El pueblo de Santa Eugènia no está dispuesto a quedarse callado. En medio de un ambiente festivo y lleno de color, el colectivo ‘alGAYda’ ha decidido alzar su voz contra un ataque que ha sacudido los cimientos de la comunidad. Este nuevo episodio, donde un banco fue vandalizado con los colores LGTBI, no solo es un ataque a la diversidad, sino también una llamada a la acción.
La Respuesta de la Comunidad
En lugar de desanimarse, los habitantes han respondido con unidad y fuerza. «No vamos a permitir que nos silencien», dice uno de los miembros del colectivo mientras sostiene una bandera multicolor con orgullo. La solidaridad entre vecinos se hace palpable; muchos se acercan para expresar su apoyo y compromiso con la lucha por los derechos LGTBI.

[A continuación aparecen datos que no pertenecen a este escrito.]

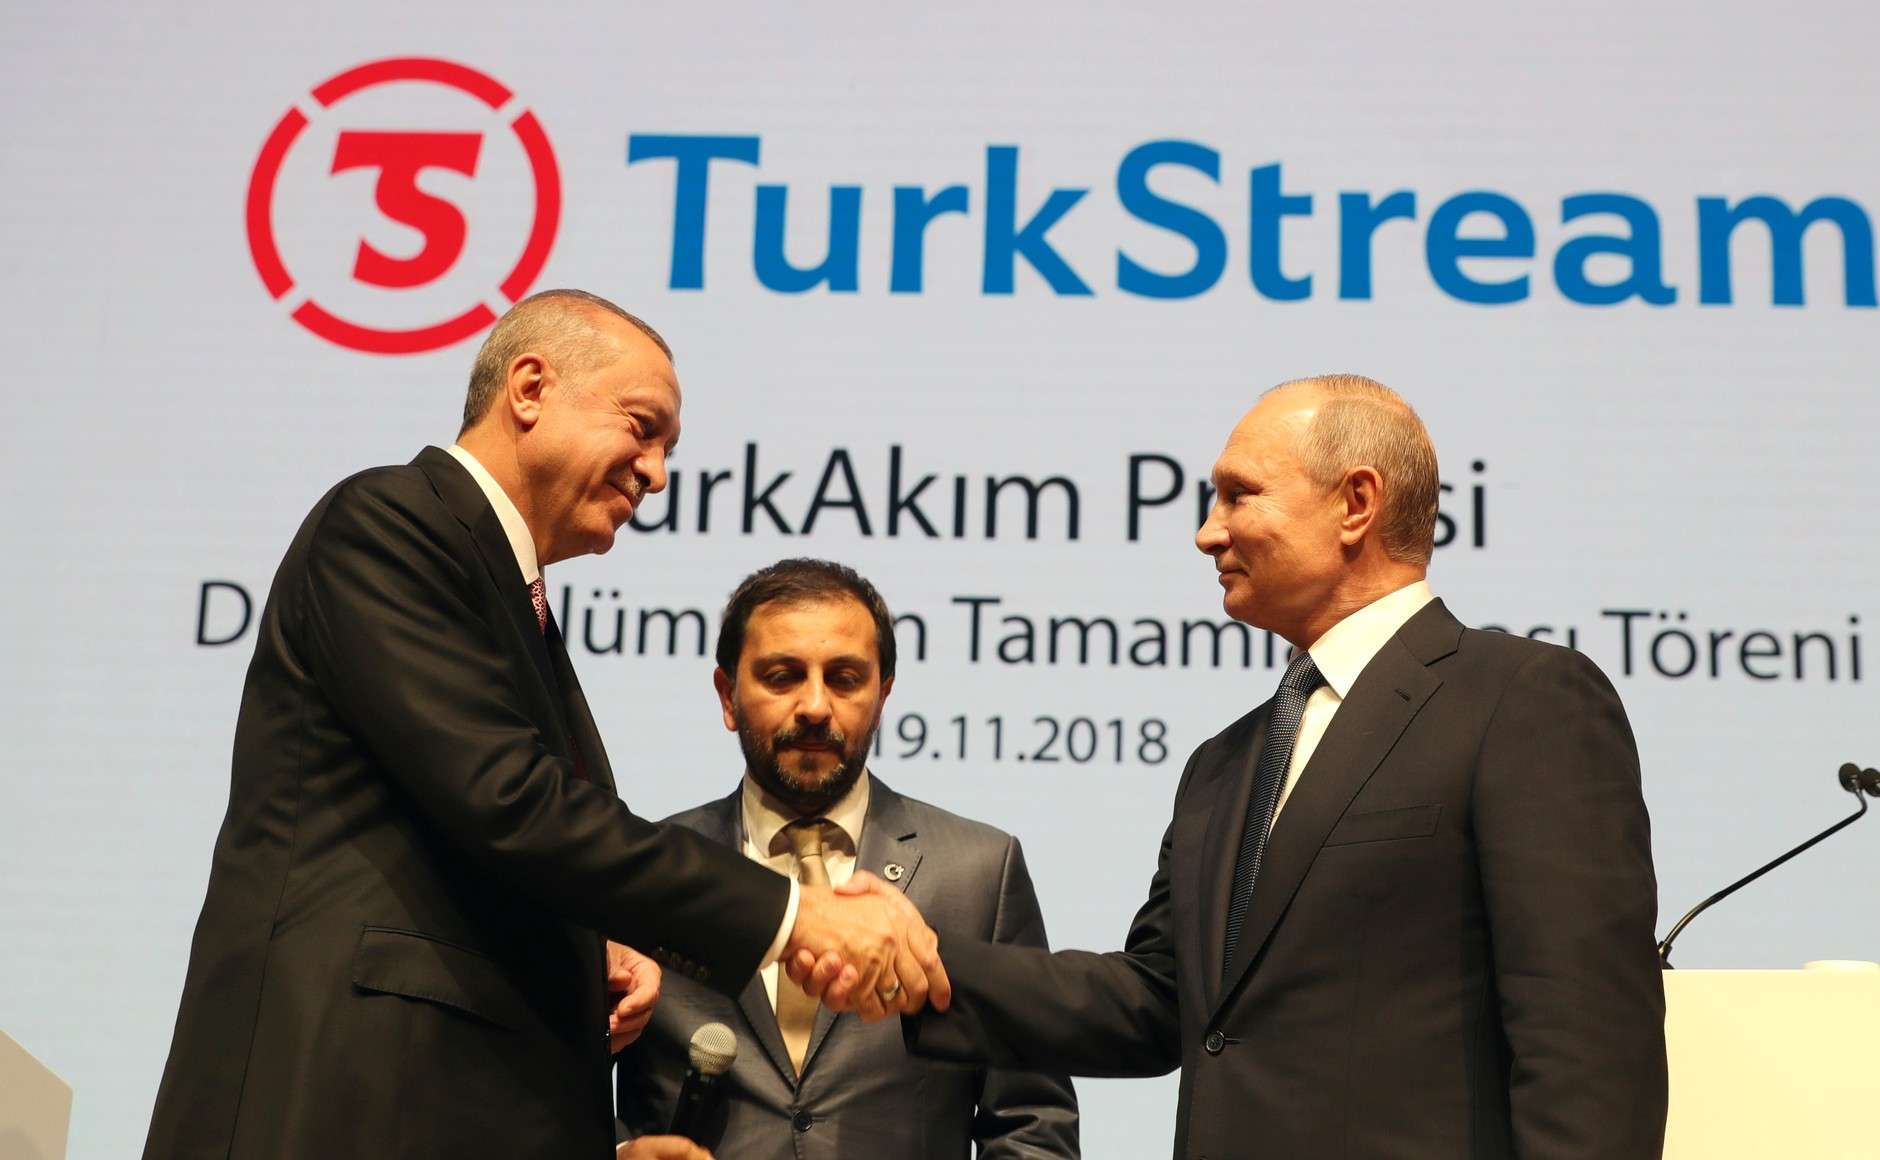 Τουρκία: Επένδυση περίπου 23 εκατ. δολαρίων για τον TurkStream το 2019

A medida que el sol brilla sobre Santa Eugènia, las voces resuenan más fuerte que nunca: «No podemos dejar que el odio nos divida». Es en estos momentos cuando realmente se ve el espíritu comunitario; todos juntos, sin importar sus diferencias, luchando por lo que consideran justo.
Este incidente no es solo una agresión aislada; refleja una problemática más profunda que afecta a muchas comunidades. Cada acto de violencia hacia la diversidad es un recordatorio de que aún queda mucho camino por recorrer en nuestra sociedad. Sin embargo, como bien dicen los valientes integrantes de ‘alGAYda’, «cada ataque solo fortalece nuestra determinación».